Bonding Characteristics:

• Forms predominantly ionic compounds with highly electronegative elements (e.g., oxygen, halogens).
• Forms numerous coordination compounds (complexes) due to the presence of vacant d-orbitals, allowing it to accept electron pairs from ligands. Examples include hexacyanoferrate(II) ion ([Fe(CN)₆]⁴⁻) and hexacyanoferrate(III) ion ([Fe(CN)₆]³⁻).

Crucial Chemical Reactions

1. Reaction with Air/Oxygen (Rusting): Iron corrodes in the presence of oxygen and moisture to form hydrated ferric oxide, commonly known as rust. This is an electrochemical process. 4Fe(s) + 3O₂(g) + 6H₂O(l) → 4Fe(OH)₃(s) (Intermediate) 2Fe(OH)₃(s) → Fe₂O₃·xH₂O(s) + (3-x)H₂O(l) (Rust)

2. Reaction with Dilute Acids: Iron reacts with dilute non-oxidizing acids to liberate hydrogen gas and form ferrous salts. Fe(s) + 2HCl(aq) → FeCl₂(aq) + H₂(g) Fe(s) + H₂SO₄(dilute) → FeSO₄(aq) + H₂(g)

3. Reaction with Steam (at high temperature, >500 °C): 3Fe(s) + 4H₂O(g) → Fe₃O₄(s) + 4H₂(g) (Fe₃O₄ is a mixed oxide, ferrous-ferric oxide, FeO·Fe₂O₃)

4. Reaction with Concentrated Sulfuric Acid (hot): Iron is oxidized to the ferric state, and sulfur dioxide is produced. 2Fe(s) + 6H₂SO₄(conc, hot) → Fe₂(SO₄)₃(aq) + 3SO₂(g) + 6H₂O(l)

5. Reaction with Concentrated Nitric Acid (Passivity): Iron becomes passive when treated with concentrated nitric acid.

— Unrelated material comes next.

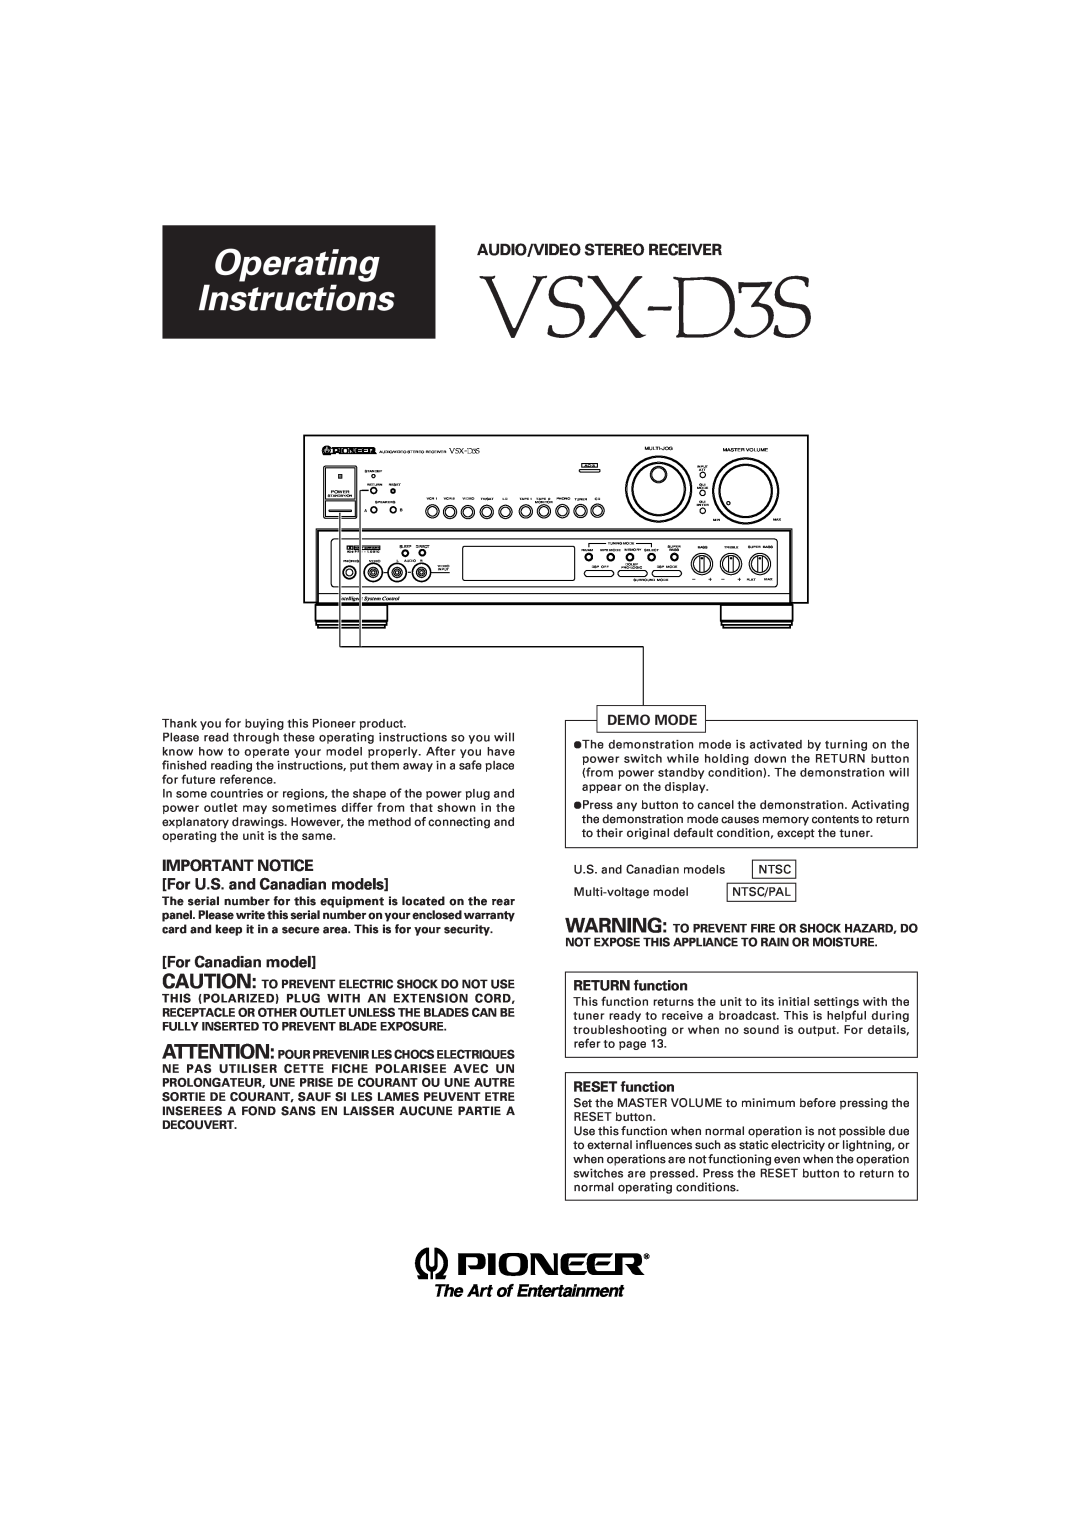 Pioneer VSX-D3S warranty Audio/Video Stereo Receiver, IMPORTANT NOTICE For U.S. and Canadian models, For Canadian model

This is due to the formation of a very thin, non-porous, protective layer of iron oxide (Fe₃O₄ or Fe₂O₃) on its surface, which prevents further reaction. The iron then does not react even with dilute acids.

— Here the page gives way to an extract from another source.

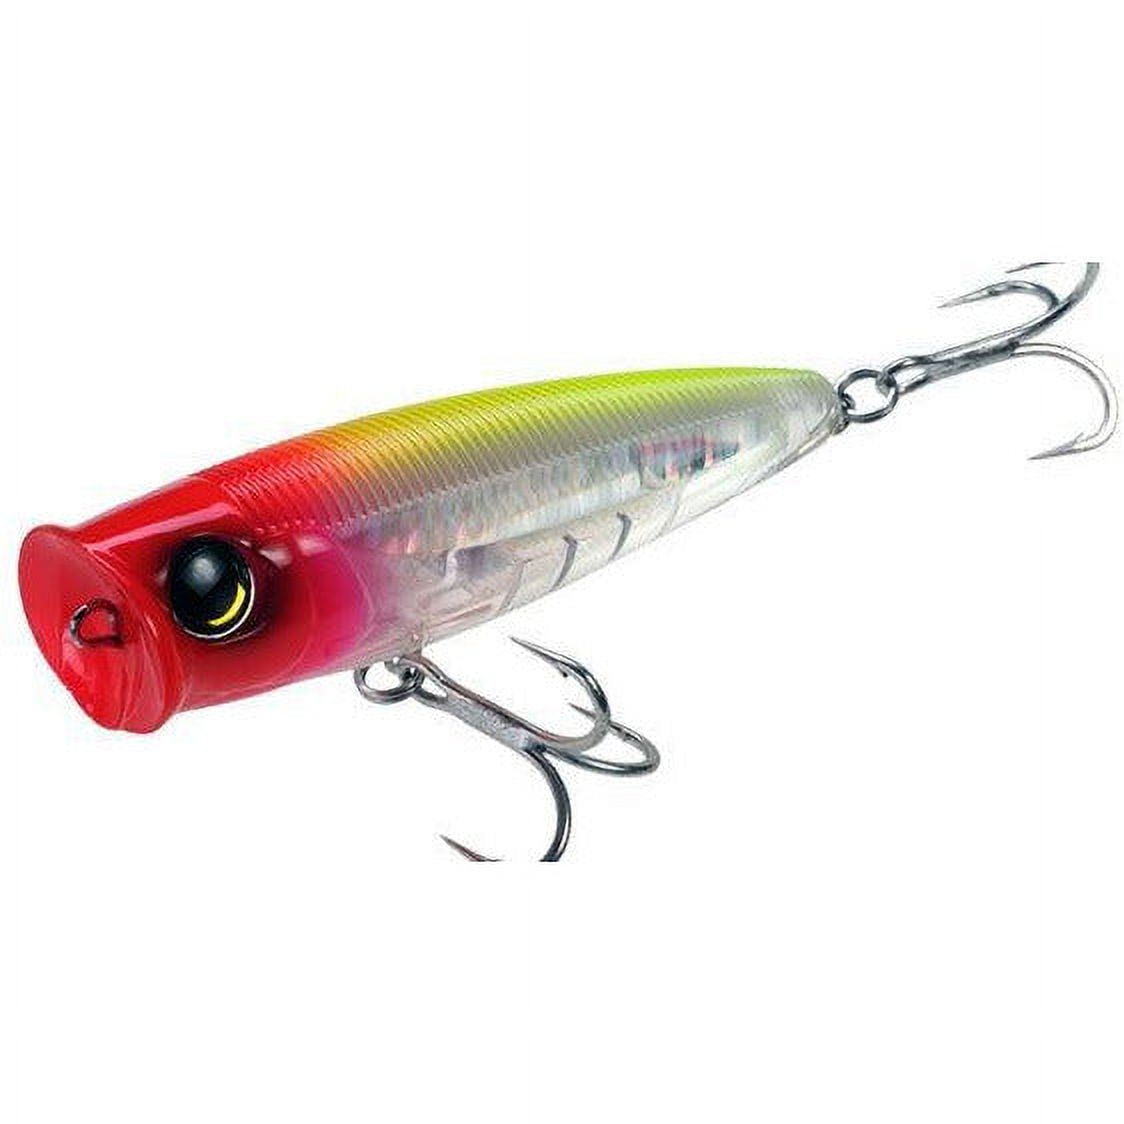 3 Pieces/Lot 19cm/120g Big Popper Lure Kit 3D Eyes Lifelike Bass Lure  Topwater Big Game Artificial Bait Popper Lure for Bass Tuna GT Trout  Saltwater Fishing Baits (A 3PCS), Topwater Lures

6. Thermite Reaction: A highly exothermic redox reaction, used for welding large iron components and in metallurgy for reducing metal oxides. Fe₂O₃(s) + 2Al(s) → 2Fe(l) + Al₂O₃(s) + Heat

7. Reduction of Iron Oxides (Blast Furnace - for Iron Extraction):

   • Primary reduction by carbon monoxide: Fe₂O₃(s) + 3CO(g) → 2Fe(l) + 3CO₂(g)
   • Direct reduction by carbon (at very high temperatures): Fe₂O₃(s) + 3C(s) → 2Fe(l) + 3CO(g)

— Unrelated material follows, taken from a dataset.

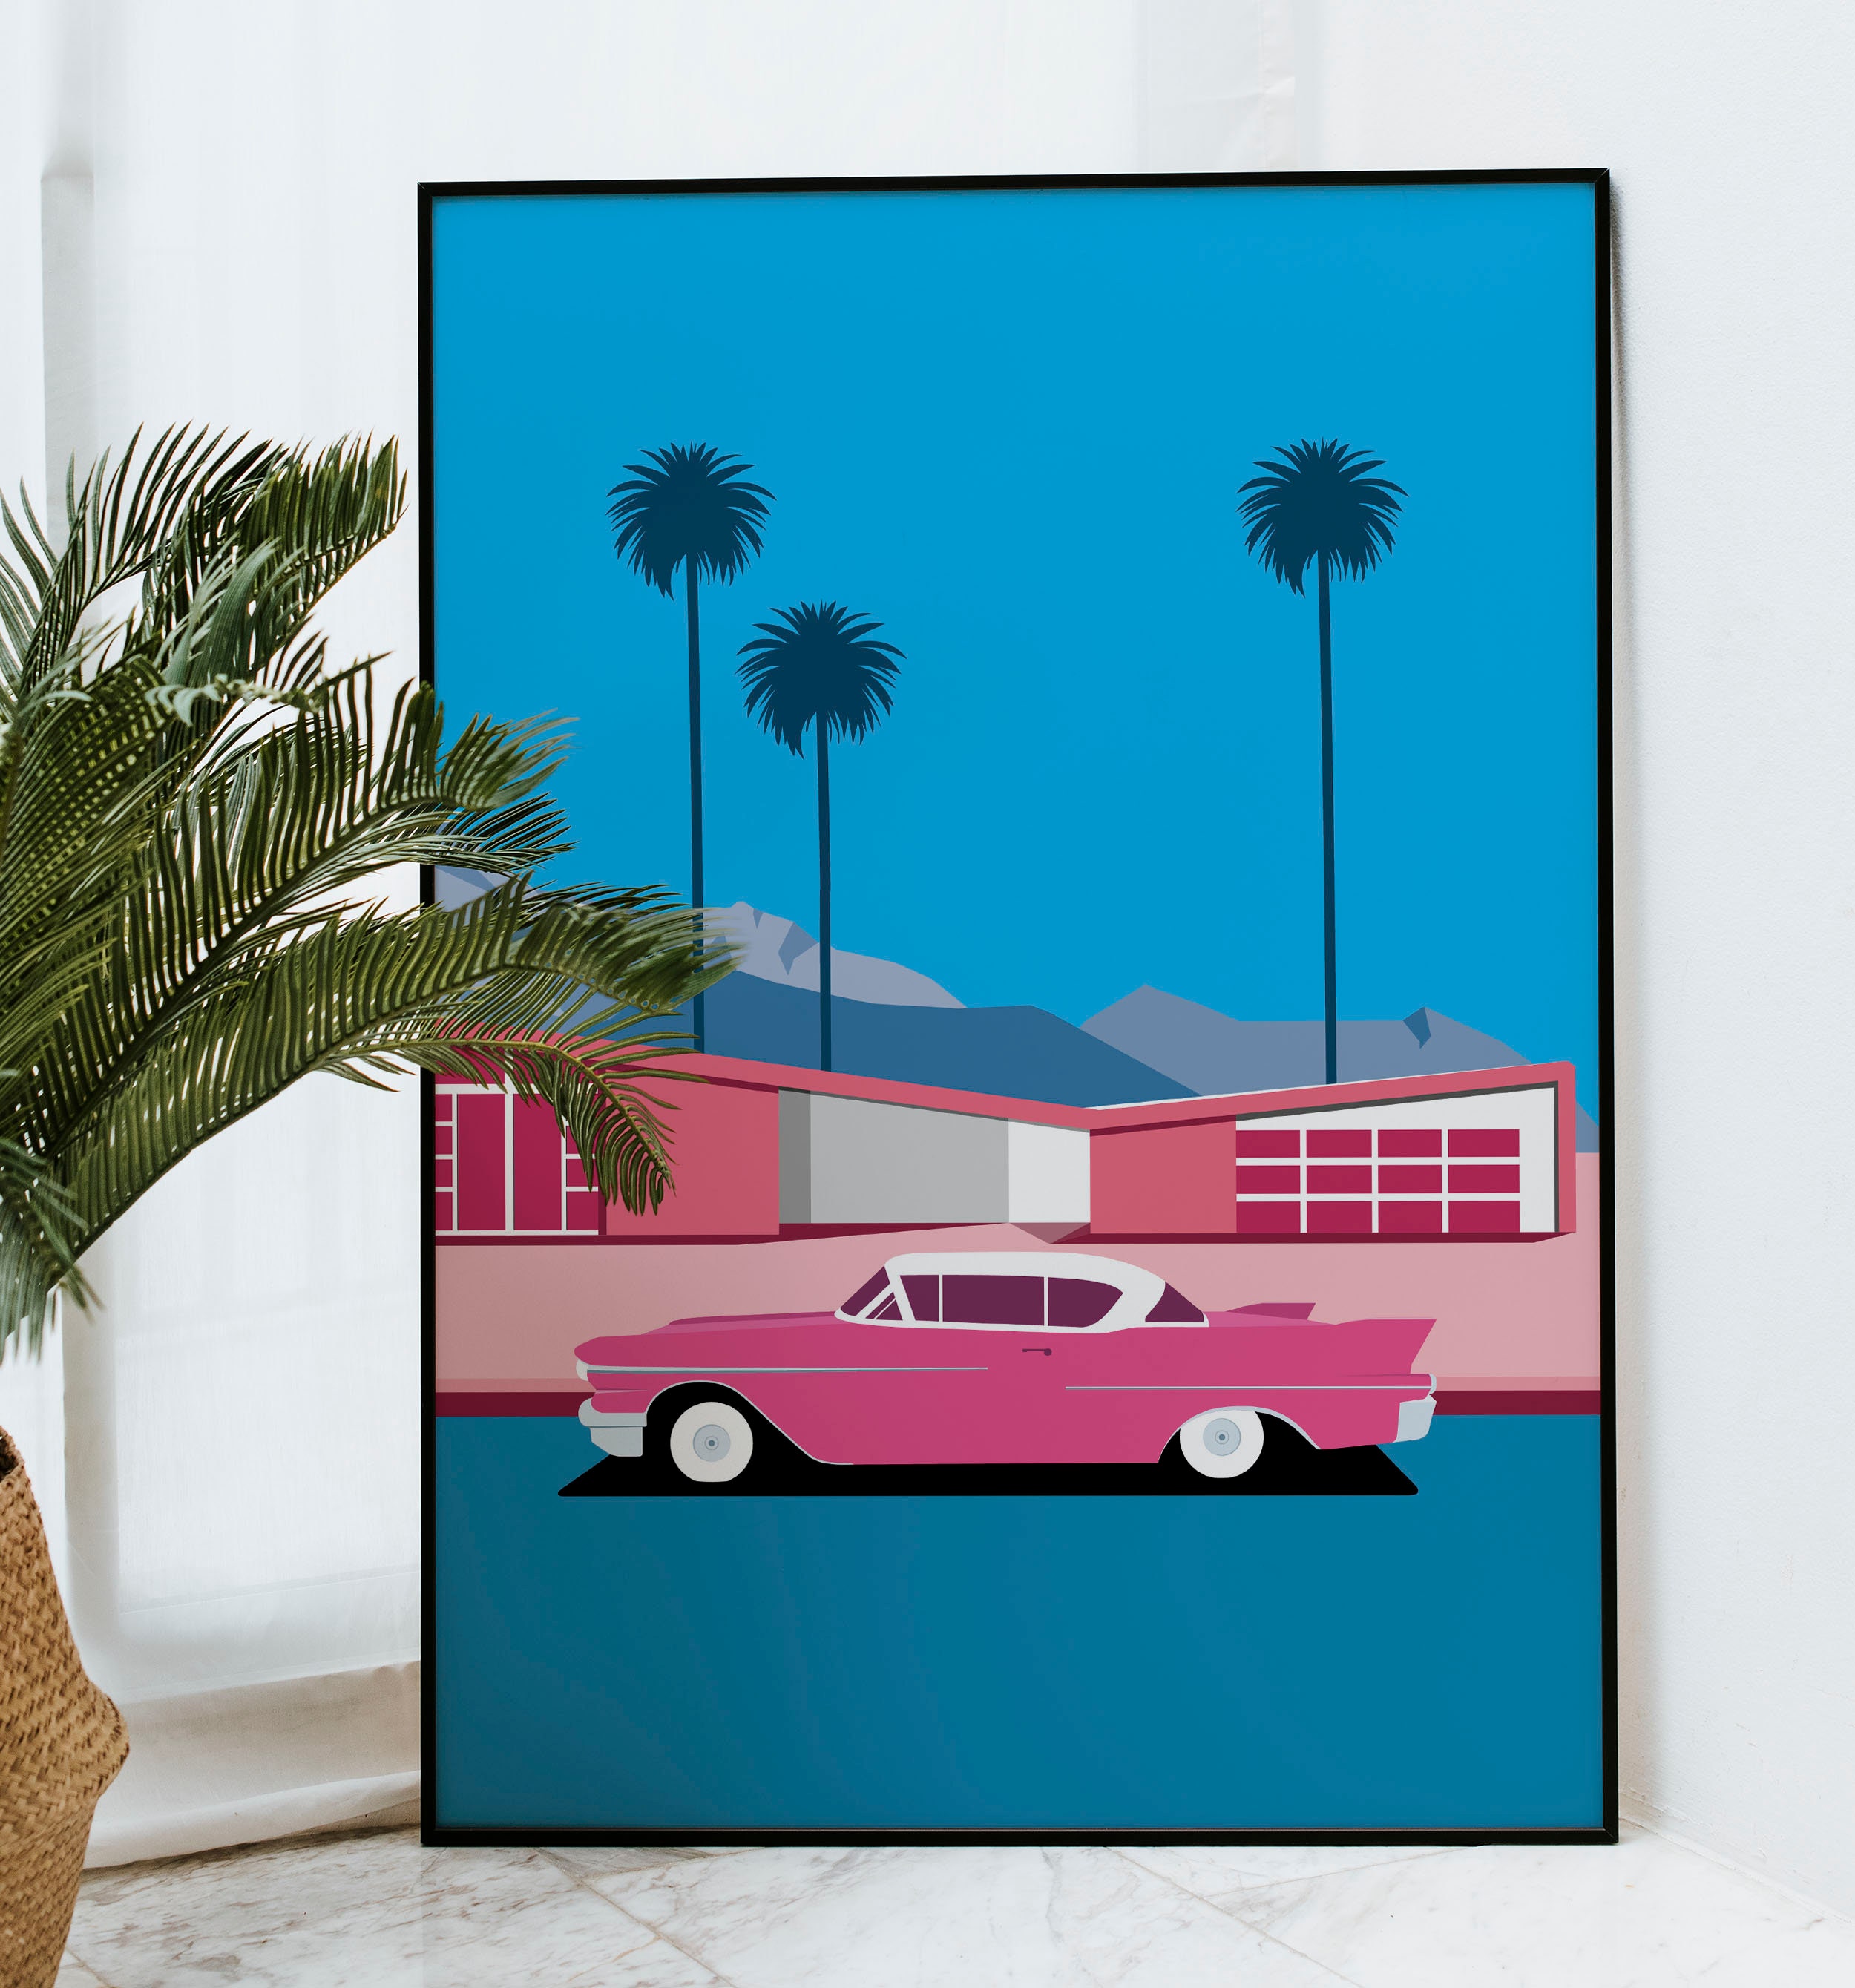 PALM SPRINGS Saguaro Hotel Picture Poster Print Sizes A5 to A0 **FREE DELIVERY

Industrial and Biological Importance

Industrial Importance

• Steel Production: Iron is the primary component of steel, an alloy with carbon and other elements. Steel’s high tensile strength, ductility, and affordability make it the most widely used structural material in construction, automotive, and manufacturing industries.
• Catalysis: Iron, often in finely divided form or alloyed with promoters (e.g., molybdenum), acts as a catalyst in crucial industrial processes:
  • Haber-Bosch process: For the synthesis of ammonia (N₂ + 3H₂ ⇌ 2NH₃).
  • Fischer-Tropsch synthesis: For converting synthesis gas (CO + H₂) into liquid hydrocarbons.
• Pigments: Various iron oxides are used as pigments, providing a range of colours from yellow (limonite), red (hematite), to black (magnetite) in paints, ceramics, and cosmetics.
• Magnets: Its ferromagnetic properties are exploited in electromagnets, electric motors, generators, and various magnetic storage devices.

Biological Importance

• Oxygen Transport: Iron is an essential component of hemoglobin, the protein in red blood cells responsible for binding and transporting oxygen from the lungs to tissues throughout the body. Each hemoglobin molecule contains four heme groups, each with an iron ion (Fe²⁺) at its center.
• Oxygen Storage: In muscle cells, iron is found in myoglobin, a protein that stores oxygen, releasing it when needed for muscle activity.
• Enzymatic Activity: Iron is a crucial cofactor for numerous enzymes involved in vital metabolic processes:
  • Cytochromes: Electron carriers in the electron transport chain during cellular respiration.
  • Catalase and Peroxidase: Enzymes that protect cells from oxidative damage by breaking down hydrogen peroxide.
  • Nitrogenase: An enzyme in nitrogen-fixing bacteria containing iron, essential for converting atmospheric nitrogen into ammonia.
• Chlorophyll Synthesis: Although not a constituent of chlorophyll itself, iron is required for the synthesis of chlorophyll in plants. Iron deficiency in plants leads to chlorosis (yellowing of leaves).